1. A method for searching an intelligent agent target based on scene prior is characterized in that the method is used for searching the target of a robot and comprises the following steps:

s1: confirming target coding information and a target to be searched;

s5: obtaining a semantic map feature vector according to the spatial semantic fusion matrix;

s7: and constructing a value network and a target network of the target search, training the value network and the target network according to the fusion feature vector, and searching the target based on the trained value network after the training is finished.

2. The method for searching for an intelligent object based on scene priors as claimed in claim 1, wherein said step S2 specifically comprises:

s22: recording the depth image as a depth image matrix;

3. The method for searching for an intelligent object based on scene priors as claimed in claim 1, wherein said step S3 specifically comprises:

4. The method for intelligent agent target searching based on scene priors as claimed in claim 1, wherein the specific steps of step S4 include:

s44: recording the walking path of the robot on a C +1 layer of the spatial semantic fusion matrix, and marking an object with the highest possibility of relation with a target to be searched in the C +2 layer;

s45: and acquiring the latest space point cloud, the path and the object with the maximum possibility of relation with the target to be searched of the robot in real time, and updating the space semantic fusion matrix.

5. The method of claim 4, wherein the spatial point cloud is obtained by:

6. the method for searching for an intelligent object based on scene priors as claimed in claim 1, wherein said step S5 specifically comprises:

7. The method of claim 6, wherein the convolutional neural network comprises a convolutional layer, a nonlinear activation layer, a data normalization layer, a max pooling network, a convolutional layer, a data normalization layer, and finally the output of the last data normalization layer is changed into a one-dimensional vector through matrix transformation, and then the result of the matrix transformation is converted into a semantic map feature vector by using linear transformation.
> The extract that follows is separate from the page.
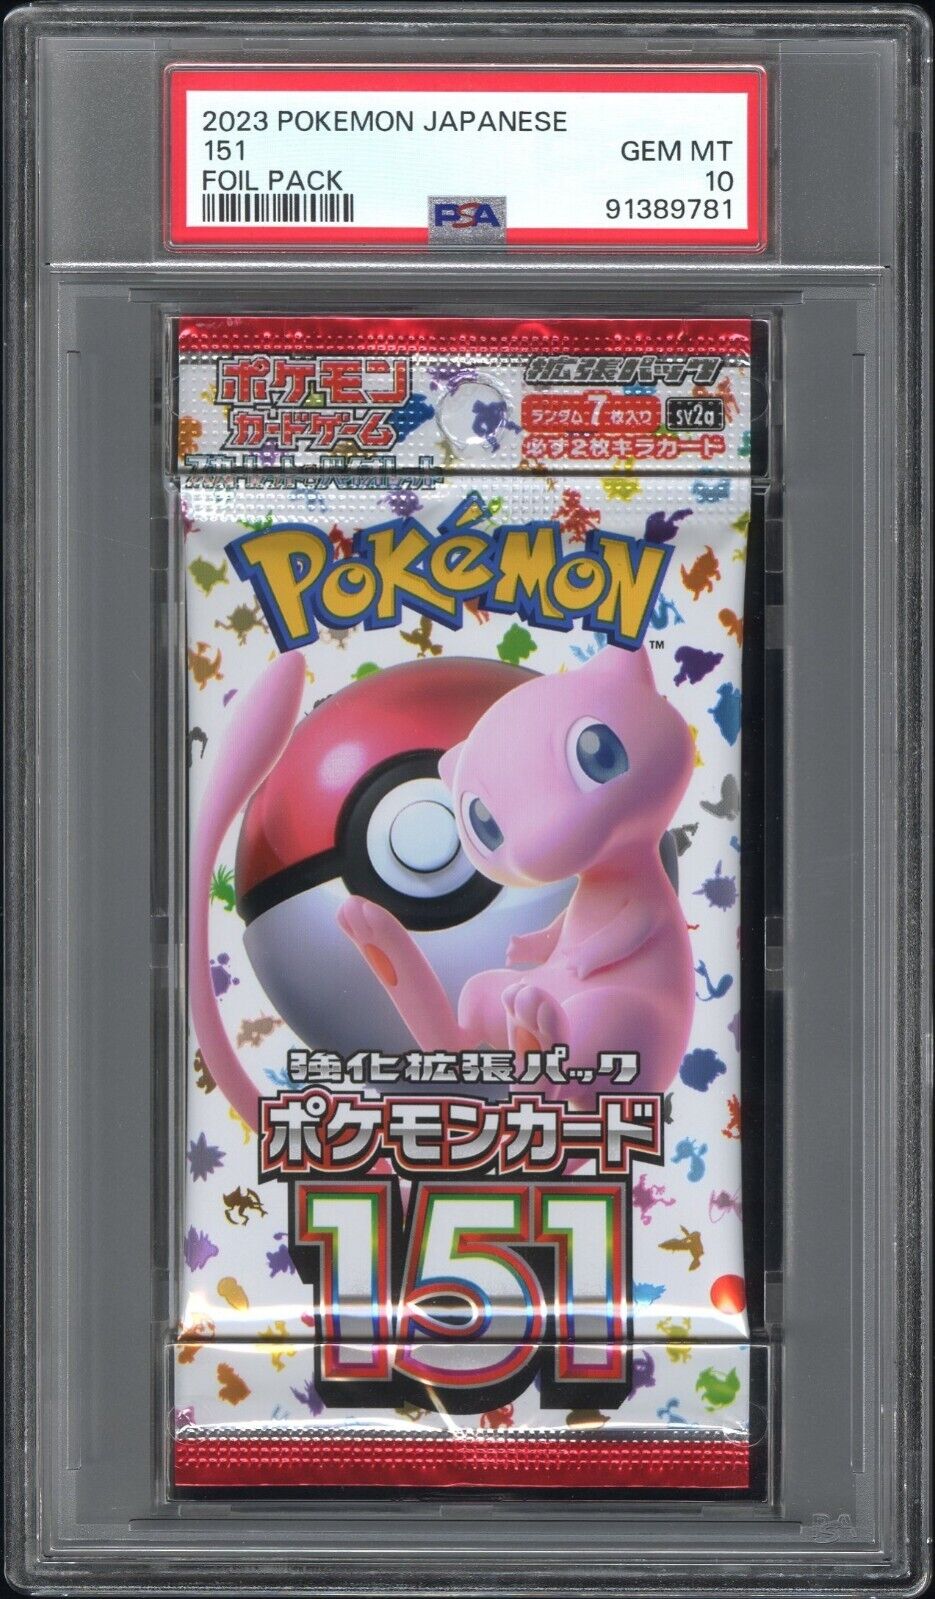 2023 Pokemon Japanese Scarlet & Violet 151 Foil / Booster Pack GEM MINT PSA 10
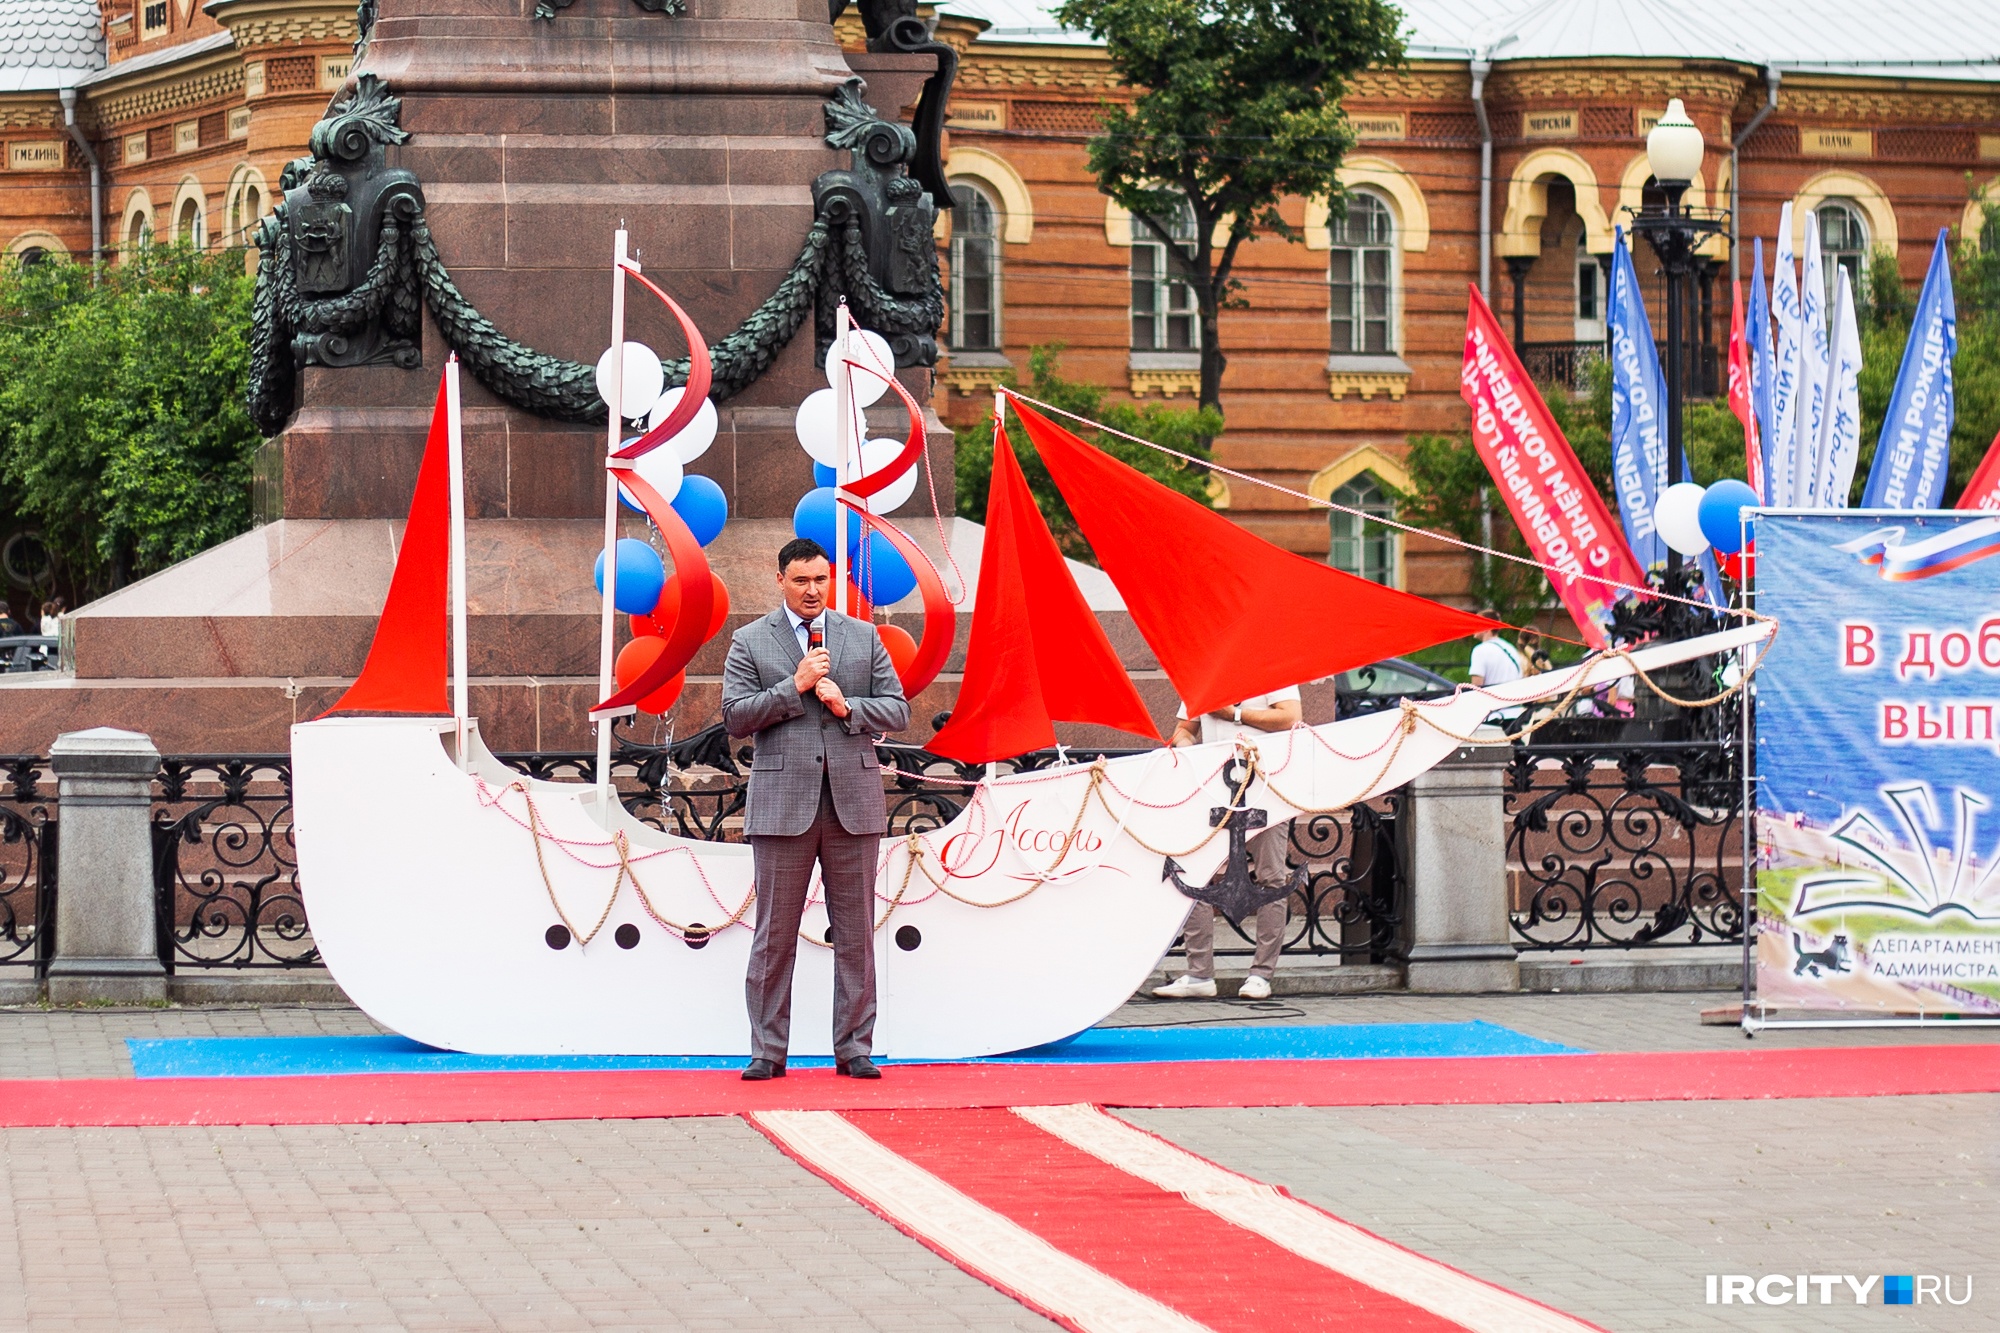 На церемонии присутствовал мэр Иркутска Руслан Болотов

8. The method for searching for the intelligent agent target based on the scene prior as claimed in claim 1, wherein the step S6 specifically includes:

9. The method for searching for the intelligent agent target based on the scene prior as claimed in claim 1, wherein the step S7 specifically includes:

s71: constructing a reward and punishment function:

s72: and inputting the fusion characteristic vector Q into a deep convolutional neural network with initial weight, simulating a navigation strategy of a human expert by a machine to obtain demonstration experience, storing the demonstration experience into an initialized experience pool, initializing a value network J by using random weight values, initializing a target network J' into a current value network, and cycling each event to obtain an optimal value network J.

10. The method of claim 9, wherein the training process of the value network in S72 specifically comprises:

wherein a is _t For the action taken at the next moment, a reward R (t, a) is obtained from the action taken, and the next state S _t Storing the updated reported values and status into an experience pool, each time after a presetUpdating the experience pool once by the number of steps, and updating the current value network through a gradient descent algorithm until the robot reaches the final state and exceeds the set maximum time t _max 200 actions; otherwise, updating the current network to the target network, and obtaining a value network J after the training times are reached.